Spot on, well informed and hugely entertaining - thanks. When will the Gervais juggernaut finally crash? At least they stuck the stupendously pretentious and silly In Bruges in...well, Bruges, and probably thought they were being subversive going against the grain of its prettiness.

A fantastic article, strong and witty, and some really good points made. I only hope that the release of Martin Kemp's directing debut, 'Stalker' can help to drag our poor country's film industry out of the gutter of egotistical and self indulgent 'vehicles' for 'British Talent'. But I'm not gonna lie to you - I can't wait for Strippers Versus Werewolves XD

Enjoyable article - I've long despaired at the drivel of British Gangster films full of the same old casts, uttering the same ol' 'frets. Could you possibly write a similar article on costume / period dramas as well please?
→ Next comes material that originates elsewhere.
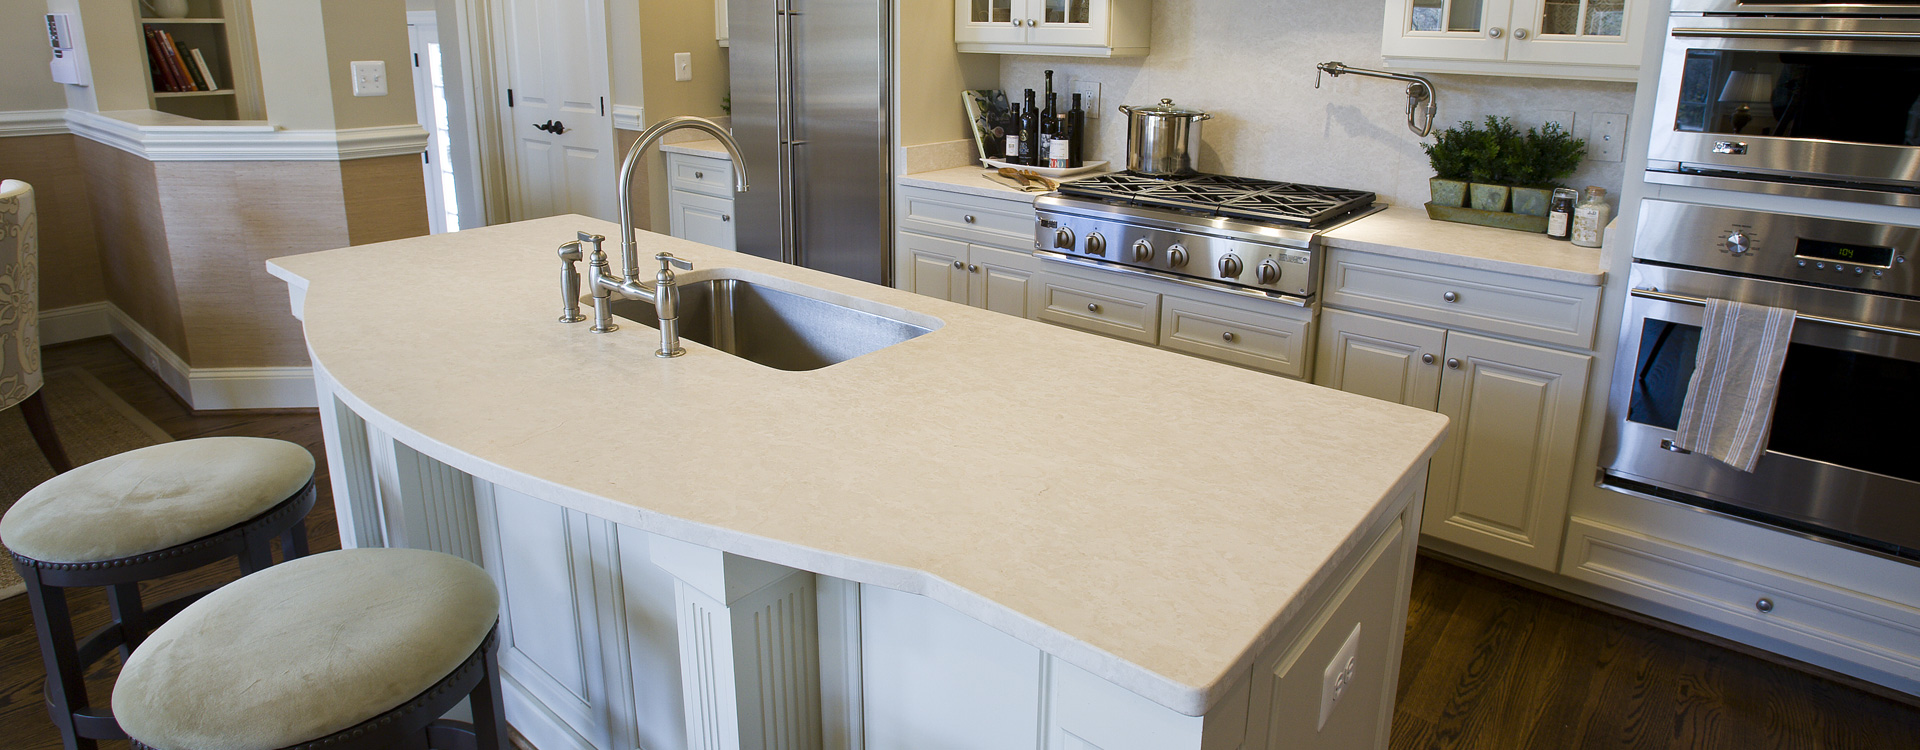 Engineered Quartz Countertops

If I see another country mansion / servant / debutant flick I might turn into Danny Dyer and go looking for some payback...

@David N: What's Gervais got to do with any of this?

My apologies: I skim-misread 'Ricky Grover' for 'Ricky Gervais'. Which I hope I would not have done going into official print rather than shooting off a comment. Funny how he's linked in my head with Bad British Movies, though it seems he's just as capable of being in Bad American Ones too.

Grover's Bulla character was always a joke at the celebrity gangster culture and one of the finest comic characters of recent years. And whoever says that a film needs to be important needs to switch off their affected mode once in a while, stop stroking their chin and just enjoy something for what it is.